NSF Postdoc Data Project

Goals

The Postdoc Data Project (PDP) is collaboration with the National Science Foundation’s Division of Science Resource Statistics (SRS). It assesses the feasibility of gathering more comprehensive information on all types of postdocs across U.S. employment sectors. The goals of the project are: to obtain a comprehensive postdoc count and to construct a sample frame of all postdocs.

Challenges

NSF has identified several gaps between available postdoc data and the information data users need. Extant survey resources have gaps in covering postdocs who:

  • Have foreign degrees and are working in the U.S. on temporary visas
  • Have PhD-equivalent degrees, such as an MD
  • Have postdoc appointments in non-academic sectors

A substantial portion of the data user needs remained unfulfilled since “many of the important data elements have never been collected, and none of the existing resources meet the need for comprehensive information on all postdoc segments.”

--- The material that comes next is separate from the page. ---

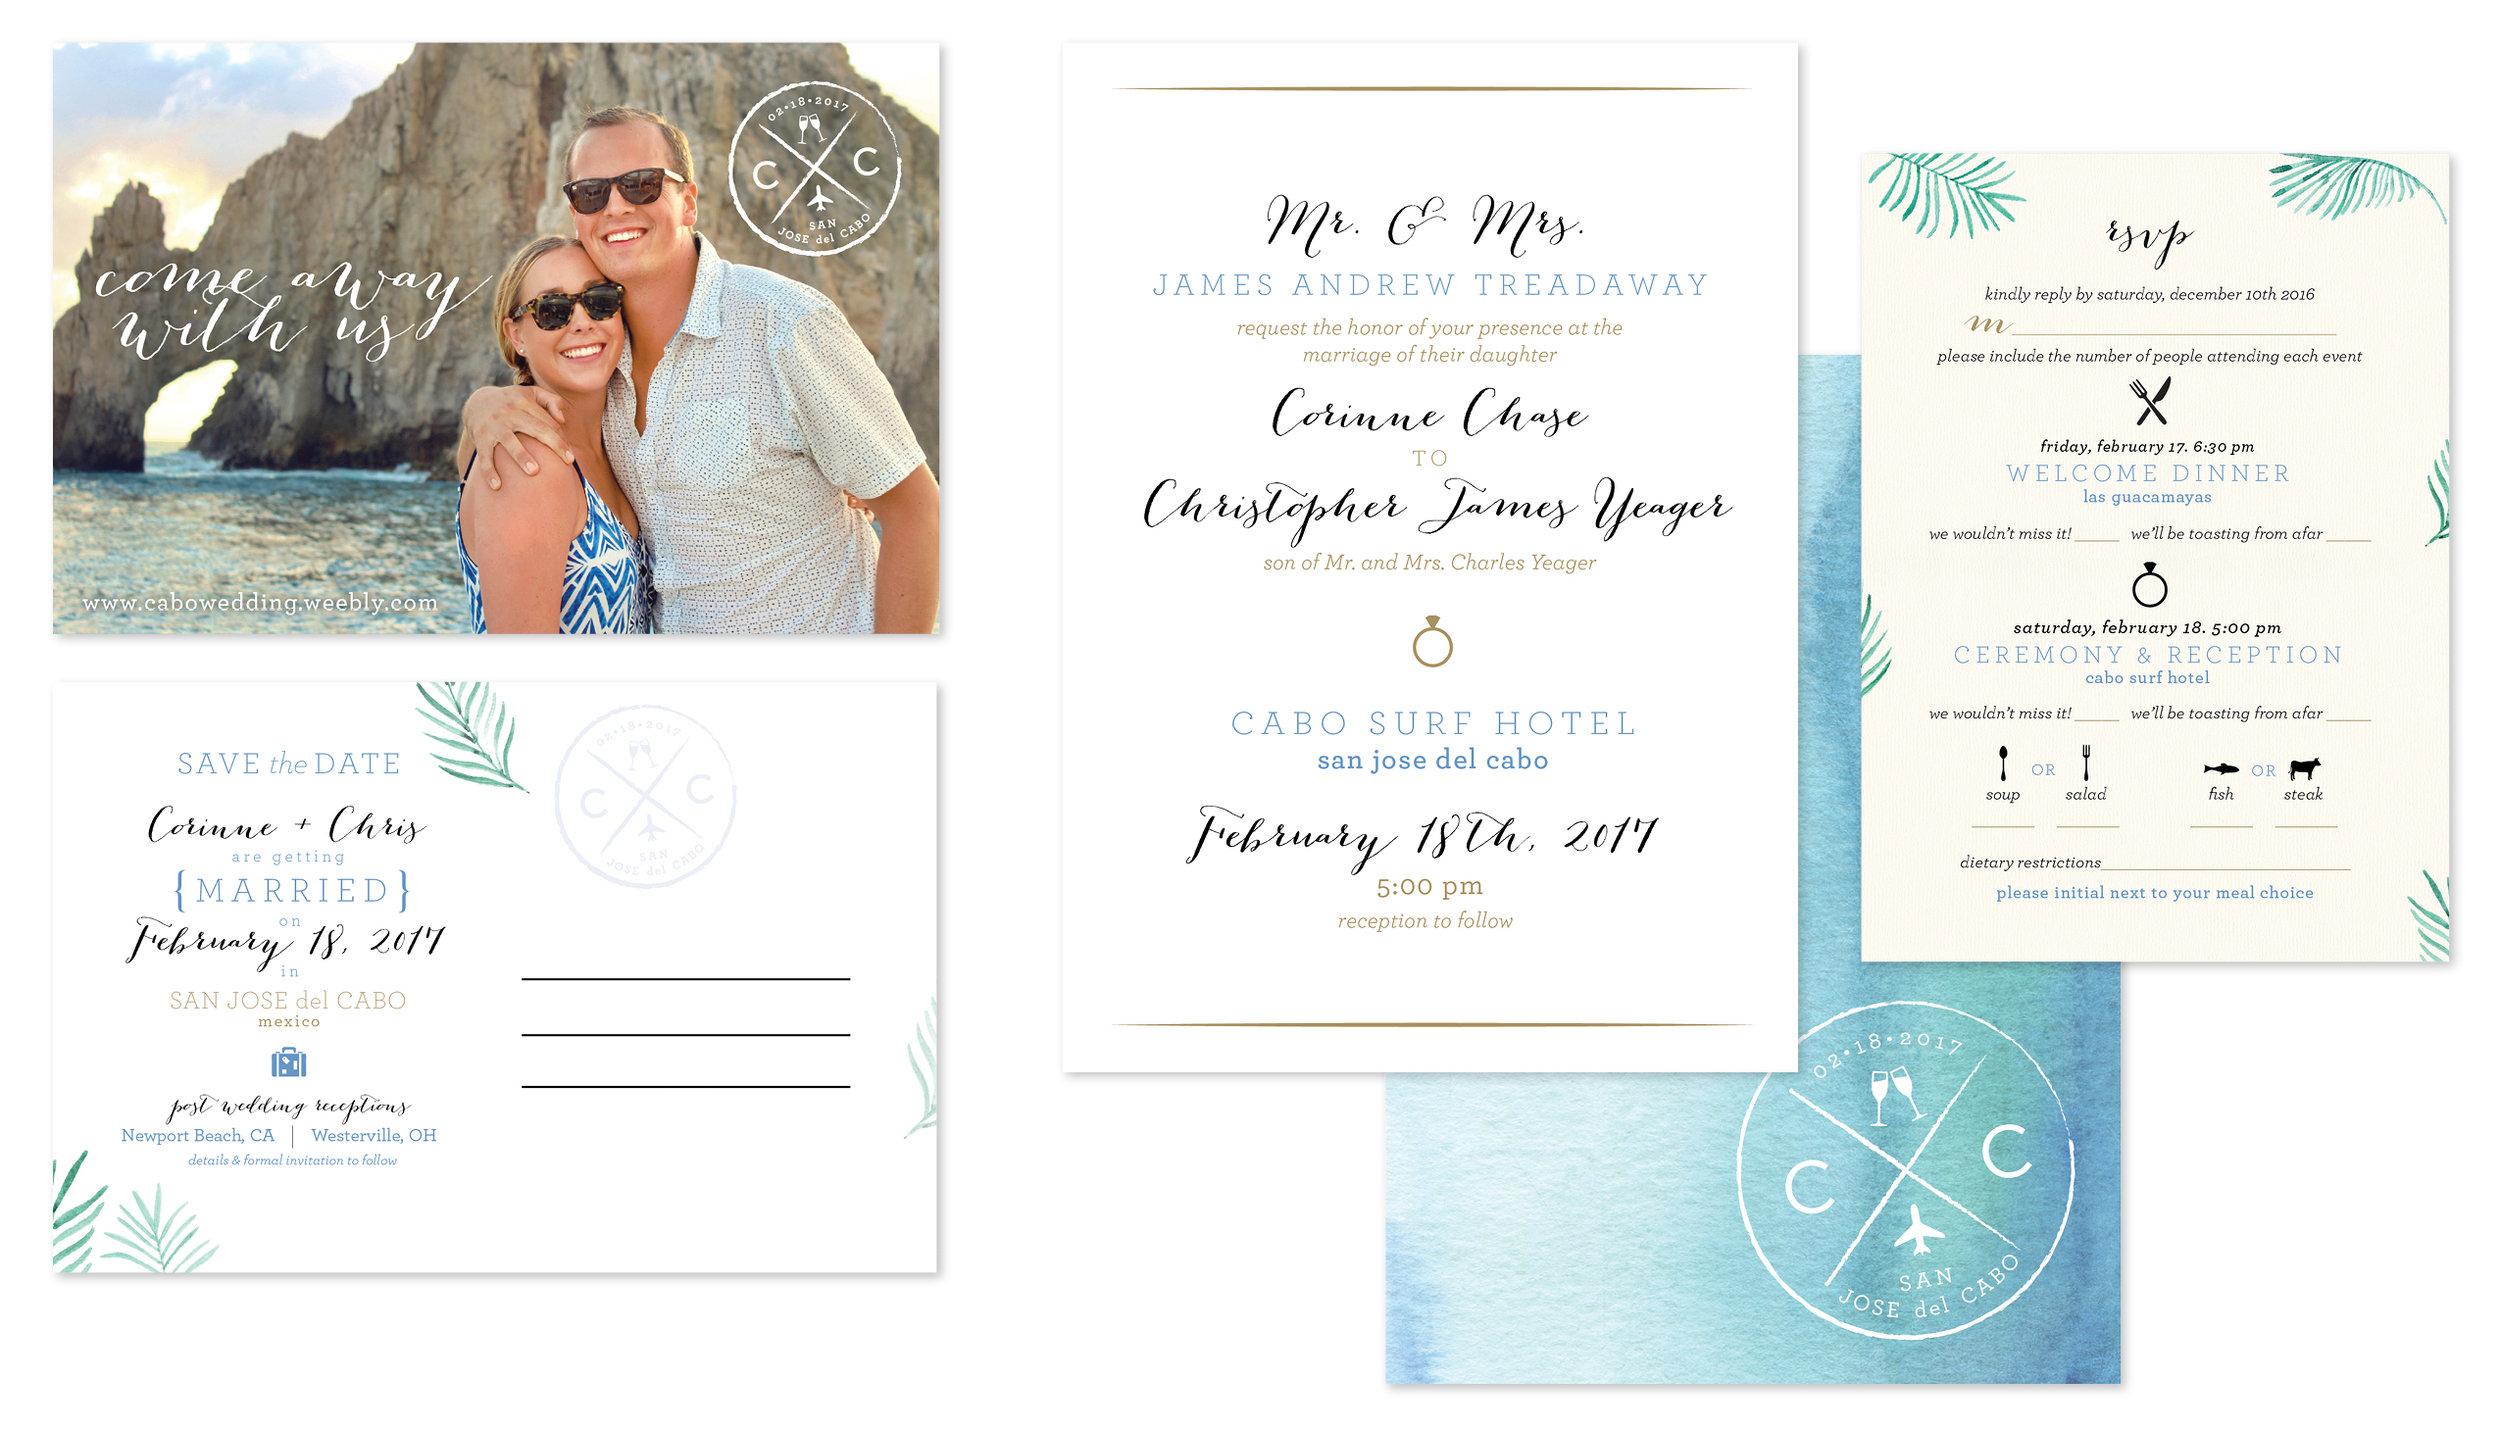 save the date, wedding invitation front & back, RSVP card

The most significant challenge is that the heterogeneity between employment sectors; each presents unique challenges related to sampling, respondent identification and data collection.

Solutions

SSG chose a flexible, multi-modal approach that uses extensive background research and methodological experimentation to empirically assure the quality of the postdoc sampling frame. This strategy balances flexibility and responsiveness of design with steady progress towards the overarching goal. A selection of our efforts includes:

  • Evaluating coverage of postdocs in current SRS surveys to identify the extent of gaps related to postdocs from the non-academic sector, as well as those awarded foreign PhD or PhD-equivalent professional degrees. 
  • Testing methodologies to obtain postdoc data and postdoc lists, particularly from PhD sub-populations mentioned above.
  • Conducting focus groups, site visits, and workshops to learn more about how postdoc data is organized within institutions. Participants included stakeholders from academic, industry, government, and other sectors with a role hiring and training postdocs. 
  • Collaborating with organizations such as the American Association for the Advancement of Science (AAAS), the National Postdoctoral Association (NPA), and the Urban Institute (UI) to obtain lists of postdocs or postdoc employers that may erode the data-coverage gap. These partnerships further enabled PDP to incorporate the perspectives, experiences, and data needs of collaborators. 
  • Evaluating Department of Homeland Security (DHS) immigration databases as potential sources for identifying and locating temporary resident postdocs with foreign PhDs.
  • Conducting quick-turnaround surveys with academic and non-academic institutions to optimize methodologies for collecting postdoc data—especially the kind of aggregate data collected by the GSS. 

SSG has been able to evaluate the success and feasibility of multiple efforts for determining the best possible combination of methods to reach the project’s goals. As such, the PDP emerges as valuable not only for the much-needed postdoc data it will eventually yield, but as an example of sound data collection methodology that may be extrapolated to other populations that are similarly difficult to access.